- [Exercise instructions]: In the listing below, locate the line with "Fantasia sexy da" and the line with "Volvox Espressivo Lehmfarbe 283 peru", then output both and everything between them exactly, minus any pictures.

- [Data shown]:
_____
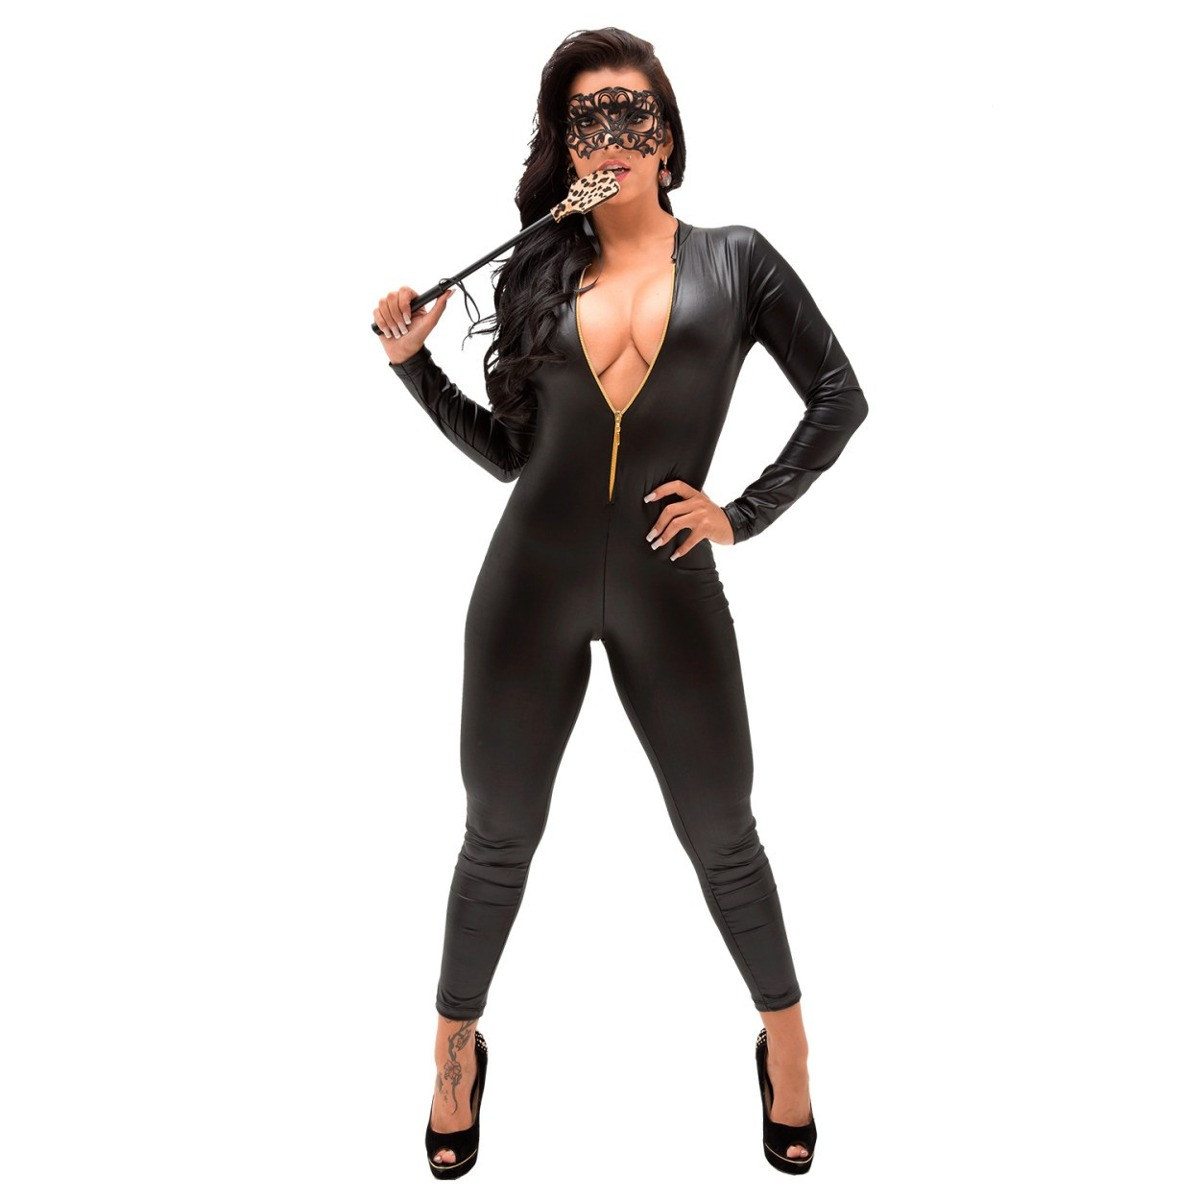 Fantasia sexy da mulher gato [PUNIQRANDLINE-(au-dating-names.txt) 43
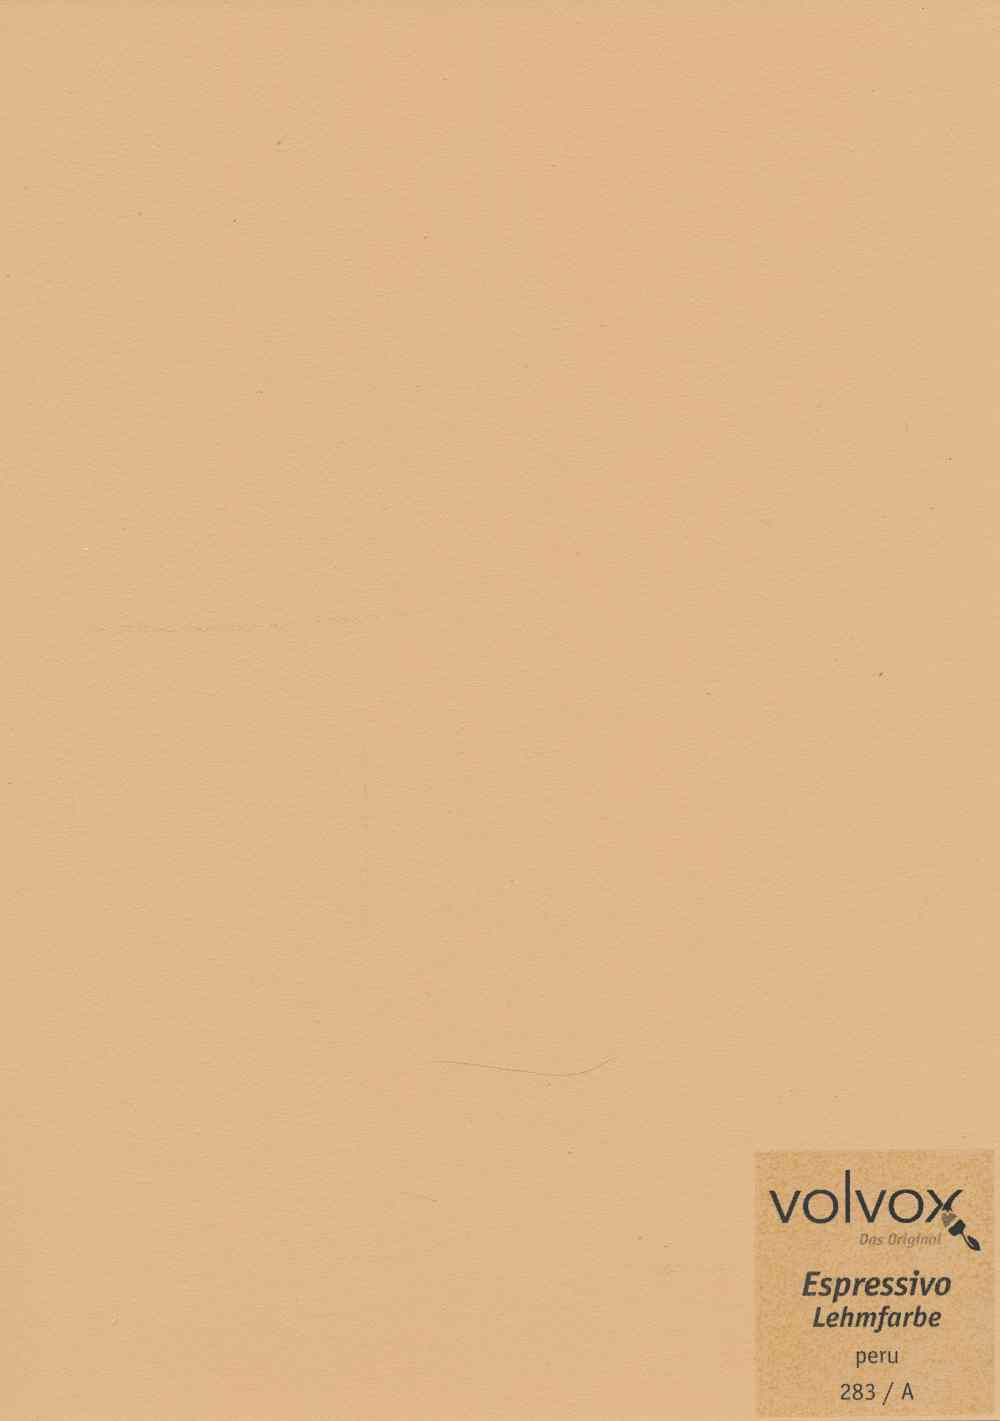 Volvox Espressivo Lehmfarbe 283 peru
_____
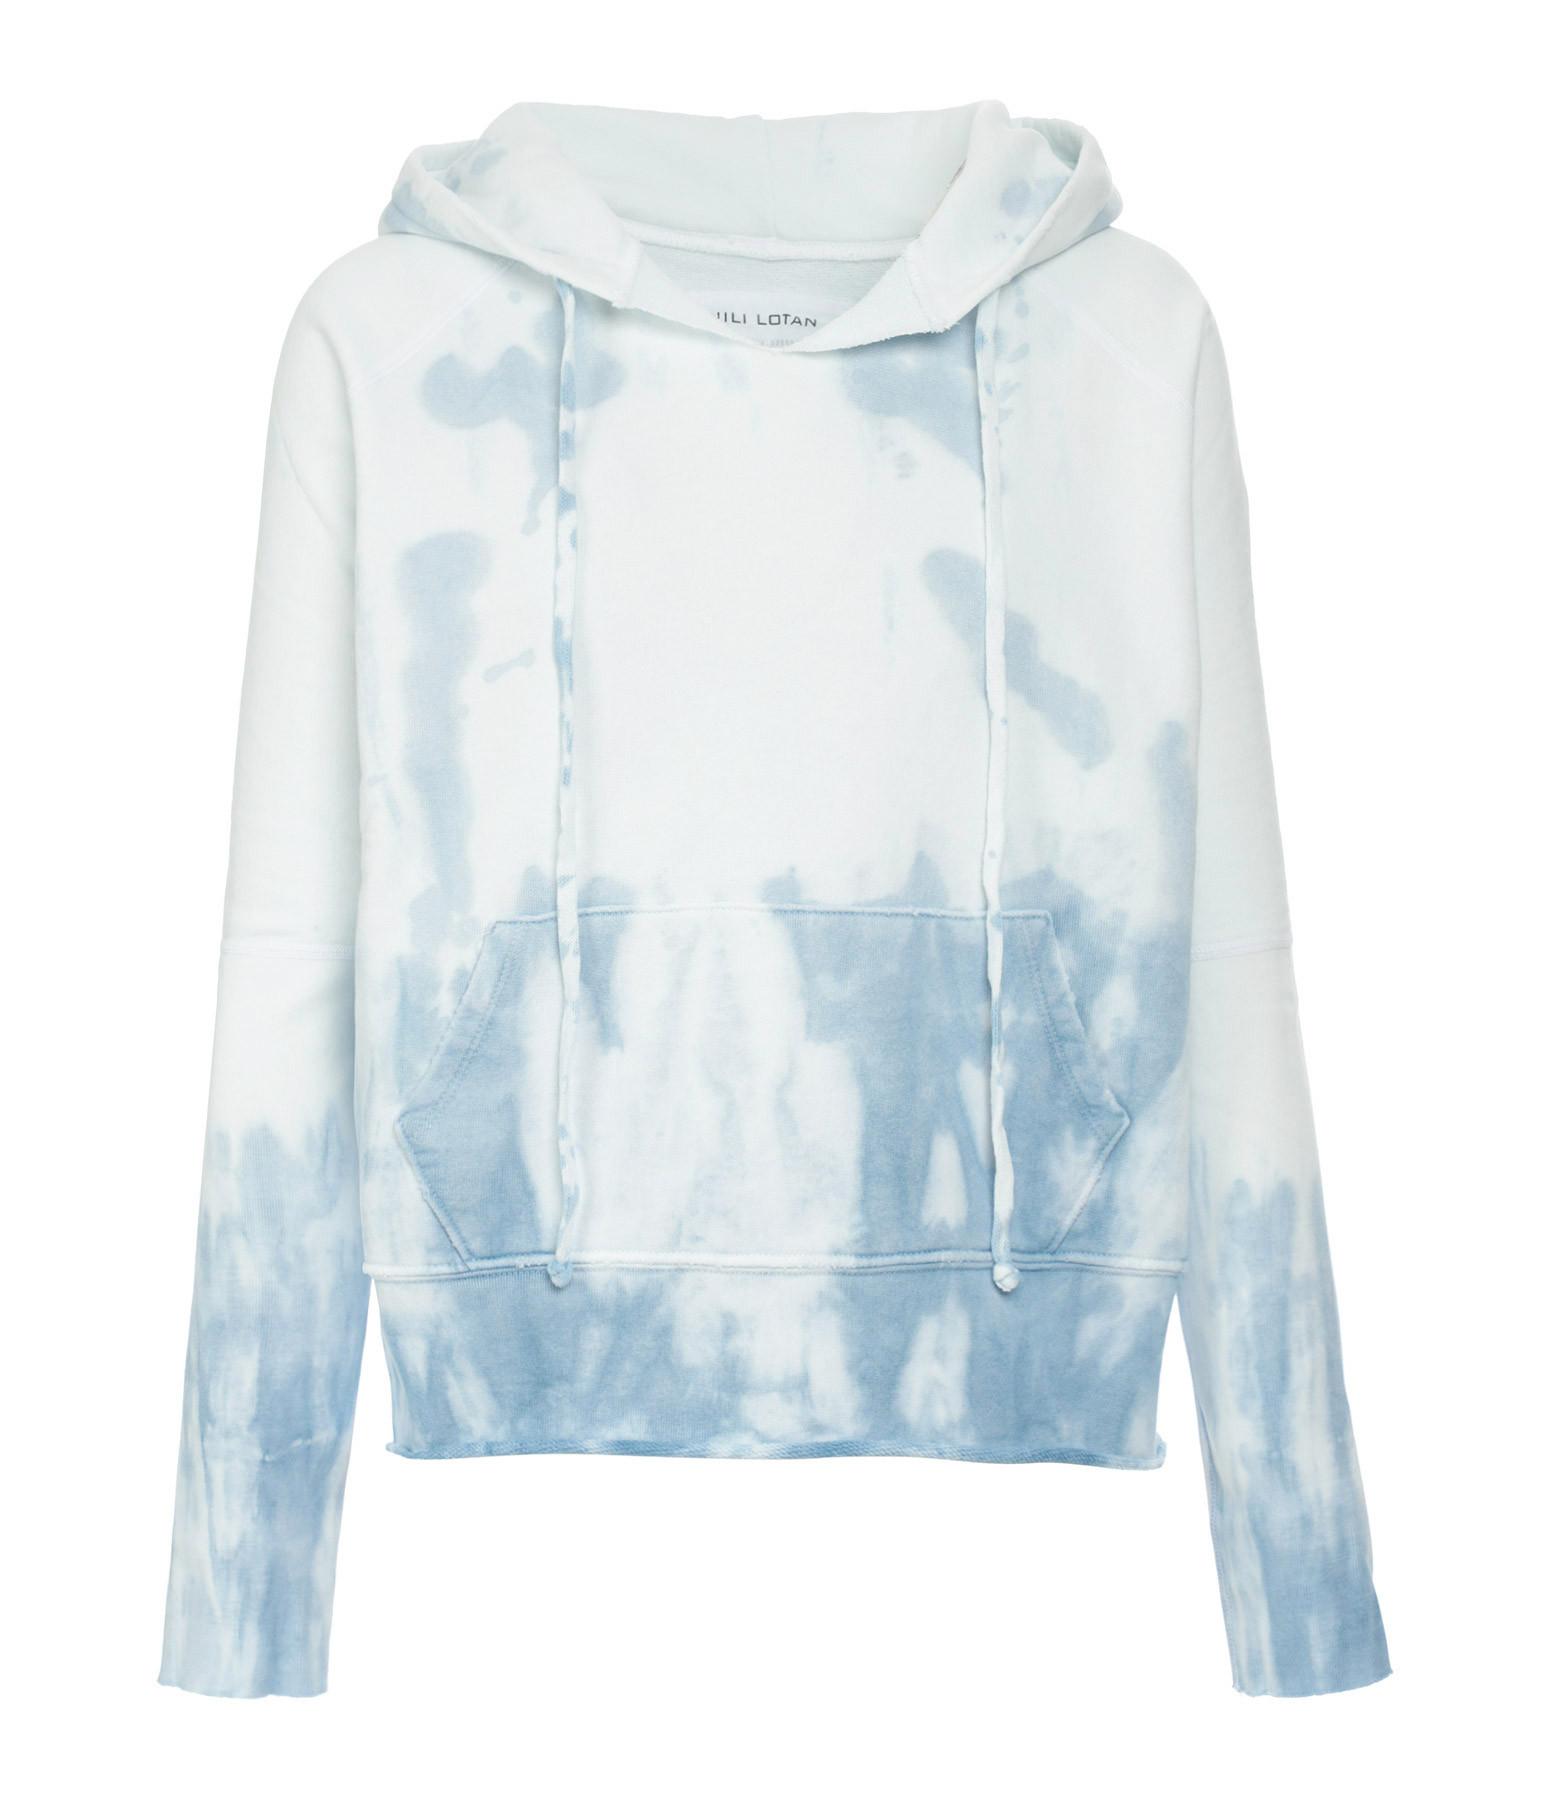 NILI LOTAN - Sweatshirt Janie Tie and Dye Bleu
_____
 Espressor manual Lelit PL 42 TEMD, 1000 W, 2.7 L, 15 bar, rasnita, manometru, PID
_____
- [Result of this exercise]:
 Fantasia sexy da mulher gato [PUNIQRANDLINE-(au-dating-names.txt) 43
 Volvox Espressivo Lehmfarbe 283 peru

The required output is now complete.